HTTP-Based Adaptive Streaming
Adaptive streaming is a hybrid delivery method that acts like streaming but is based on HTTP progressive
download. It\'s an advanced concept that uses HTTP rather than a new protocol. Both IIS Smooth
Streaming and Move Networks Adaptive Stream are examples of adaptive streaming. Even though the
two technologies use different codecs, formats, and encryption schemes, they both rely on HTTP as the
transport protocol and perform the media download as a long series of very small progressive
downloads, rather than one big progressive download.
In a typical adaptive streaming implementation, the video/audio source is cut into many short segments
(\"chunks\") and encoded to the desired delivery format. Chunks are typically 2-to-4-seconds long. At the
video codec level, this typically means that each chunk is cut along video GOP (Group of Pictures)
boundaries (each chunk starts with a key frame) and has no dependencies on past or future
chunks/GOPs. This allows each chunk to later be decoded independently of other chunks.

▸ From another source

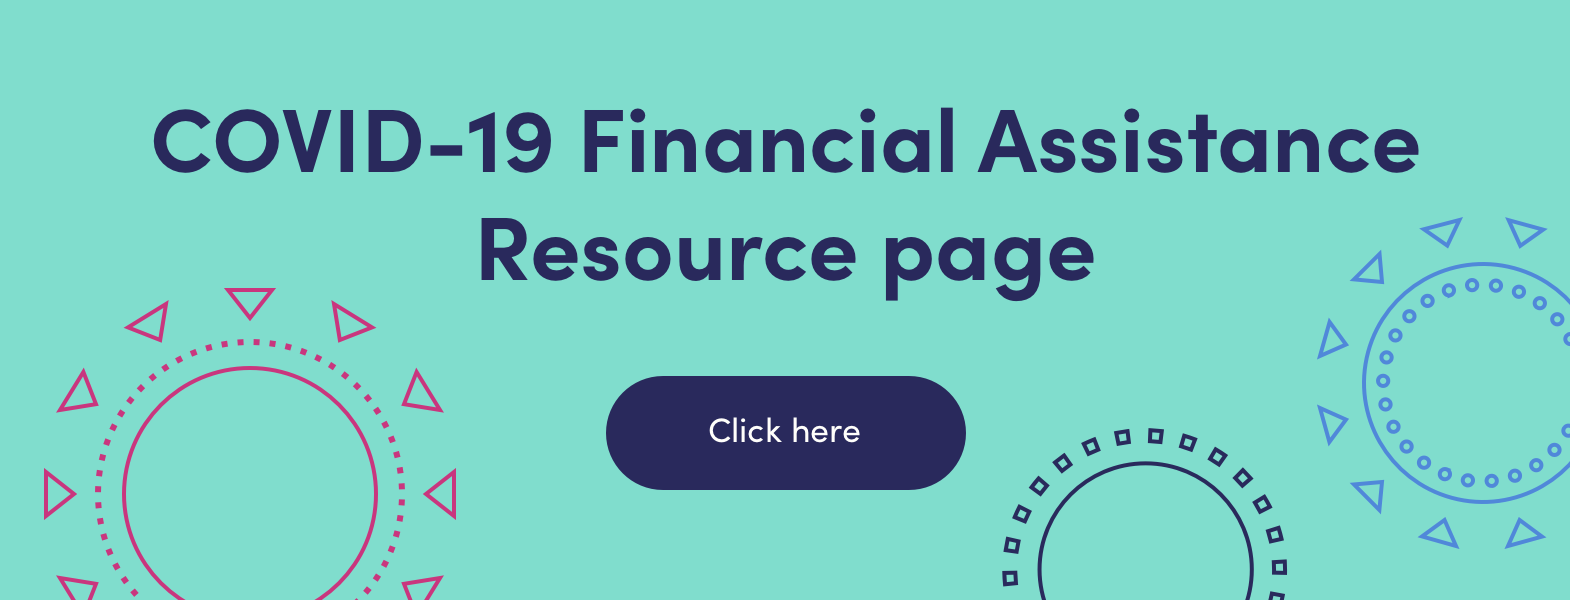 COVID-19 financial assistance resource page

The encoded chunks are hosted on a HTTP Web server. A client requests the chunks from the Web
server in a linear fashion and downloads them using plain HTTP progressive download. As the chunks are
downloaded to the client, the client plays back the sequence of chunks in linear order. Because the
chunks are carefully encoded without any gaps or overlaps between them, the chunks play back as a
seamless video.
The \"adaptive\" part of the solution comes into play when the video/audio source is encoded at multiple
bit rates, generating multiple chunks of various sizes for each 2-to-4-seconds of video. The client can
now choose between chunks of different sizes. Because Web servers usually deliver data as fast as
network bandwidth allows them to, the client can easily estimate user bandwidth and decide to
download larger or smaller chunks ahead of time. The size of the playback/download buffer is fully
customizable.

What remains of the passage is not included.